The rolled stocking, complete with roll garter, had its heyday in the 1920s and ’30s. It was sandwiched between a period when women wore corsets with garters used to hold up stockings and a time when women’s undergarments included less bulky, but still cumbersome garter belts, also with attached garters.
So how’d it work? You’d slip on your stocking, slide the garter roll up your leg to the edge of the stocking (mid-thigh, usually) and fold the stocking edge over the garter, rolling it down your leg until it was just where you wanted it (generally below the knee).This wasn’t some passing fad like winter of ’71 hot pants craze. In fact, a Paramount silent film from 1927 starring Louise Brooks was even named after the phenomenon: Rolled Stockings!

Movie poster for Paramount’s Rolled Stockings.
Keep in mind that during the peak season of garter rolls, stockings weren’t what they are today. Made from silk, they didn’t stretch (as nylon hose weren’t introduced until 1939), they came as a pair, and they needed to be held up on your leg – somehow.
So roll garters provided a real utility, safeguarding women from clothing malfunctions like finding your stockings gathered at your ankles. But rolling your stockings over a garter was also about making a fashion statement (the equivalent of ’80s legwarmers?).
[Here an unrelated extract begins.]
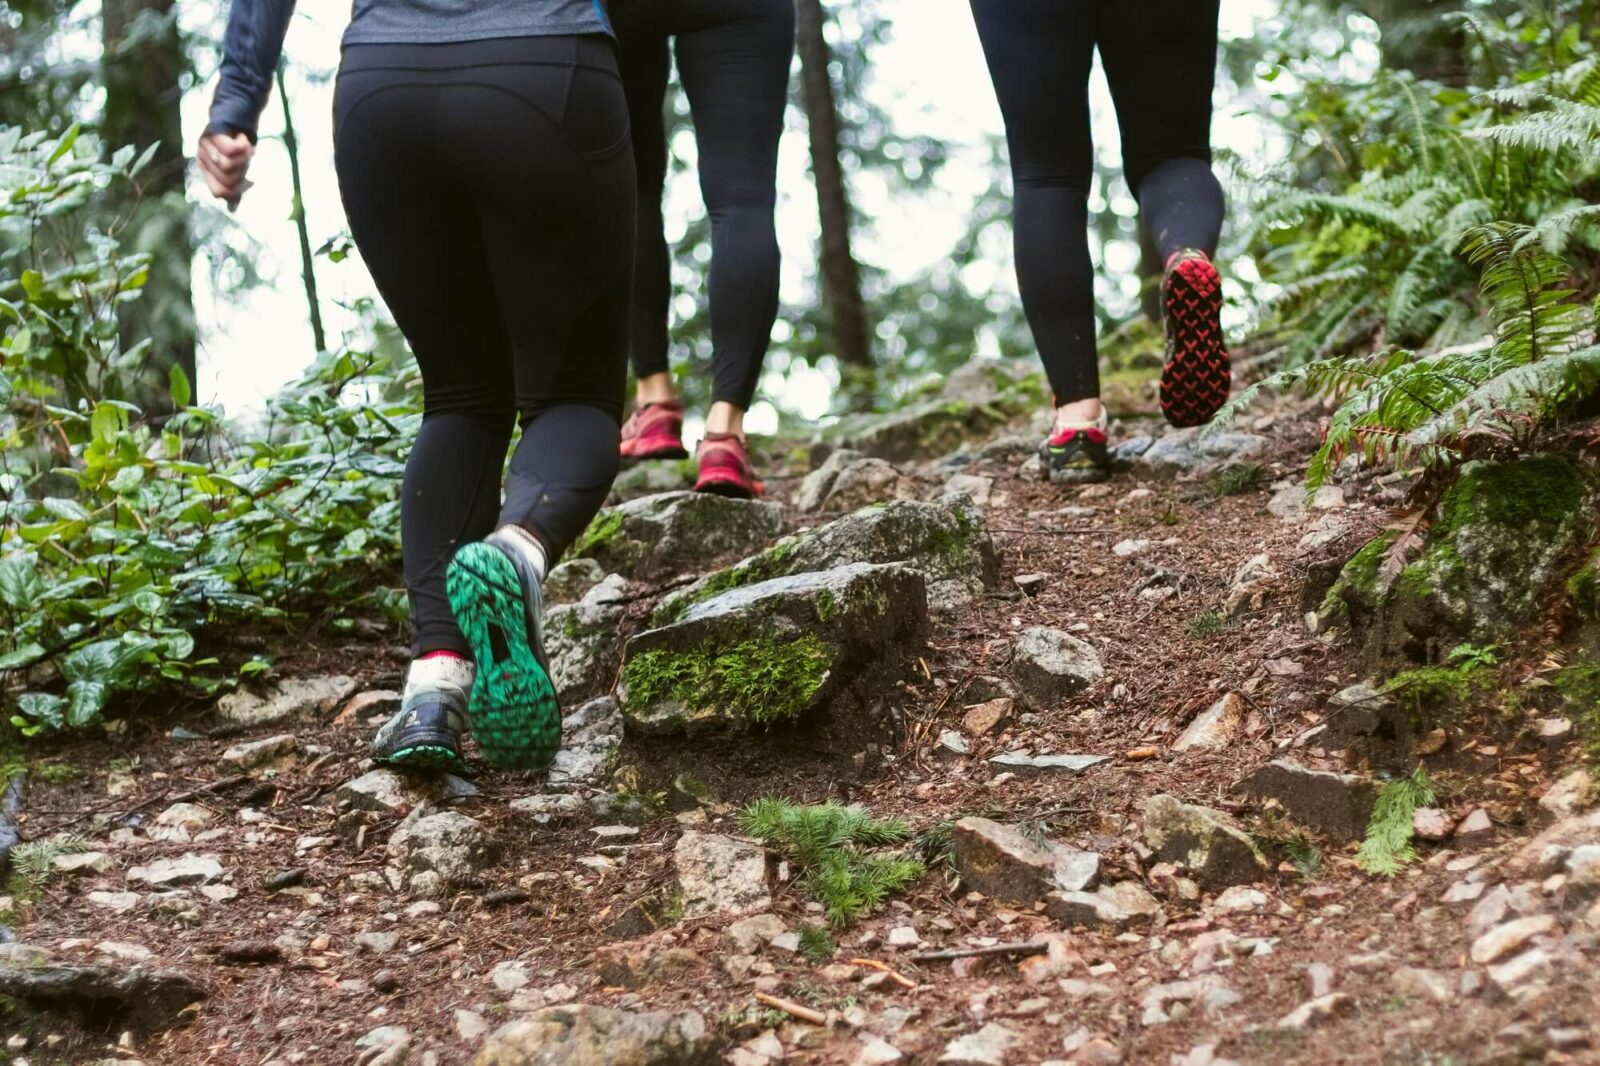 Ditch the worries about weight gain over the holidays, and lace up your walking shoes instead. Great for body and mind! Image: Unsplash

In the 1920s – as corsets were worn less frequently, dresses became looser, hemlines rose, and flappers rebelled against preconceived notions of female etiquette – many women embraced the new roll garter, forgoing subtlety and increasing the chances that the roll – and a little leg! – might be seen. (Heard the one about the schoolteacher who was fired for a stocking roll dress code violation?). To draw attention to this risqué business, stockings were often rolled beneath the knee and padded garters were patented to increase the girth of the roll.
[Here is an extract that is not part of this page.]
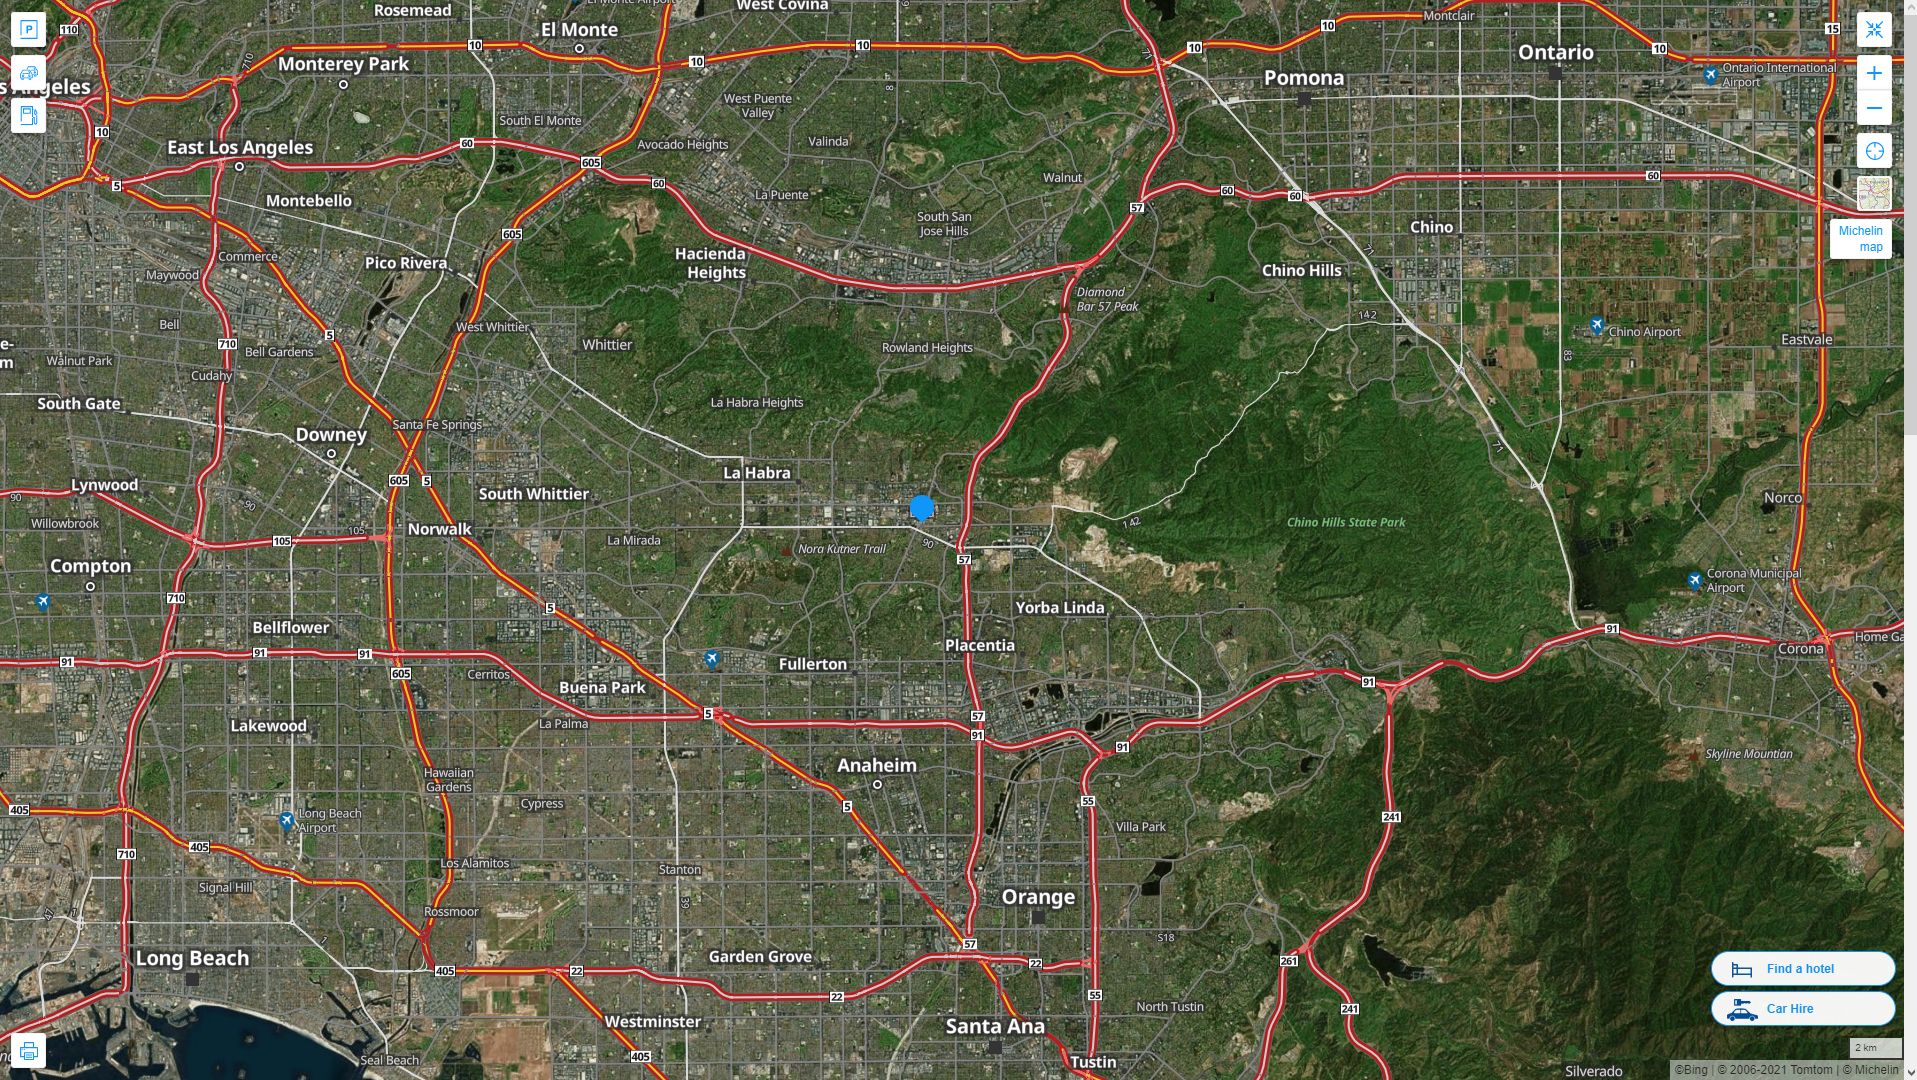 Brea California Highway and Road Map with Satellite View

Something about the slouchy, more relaxed look of these rolled stockings is reflected in the women’s faces in the photos I found during my research. Dress silhouettes had been pretty rigid until that time, enforced by restrictive undergarments. From their satisfied expressions, and without any concrete evidence to back me up, wearing rolled stocking back then must’ve been akin to the liberating, punk rock feeling of, I don’t know, wearing ripped fishnets today?
That being said, I haven’t attempted the rollover garter technique (turns out they still sell them !) so I could be dead wrong. Maybe it’d feel as restrictive as wearing 100 elastic bands around my calf. Hopefully, the women in these photos aren’t just grinning and bearing it.
Any Threaded readers out there who’ve rolled their hose and want to share their own memories?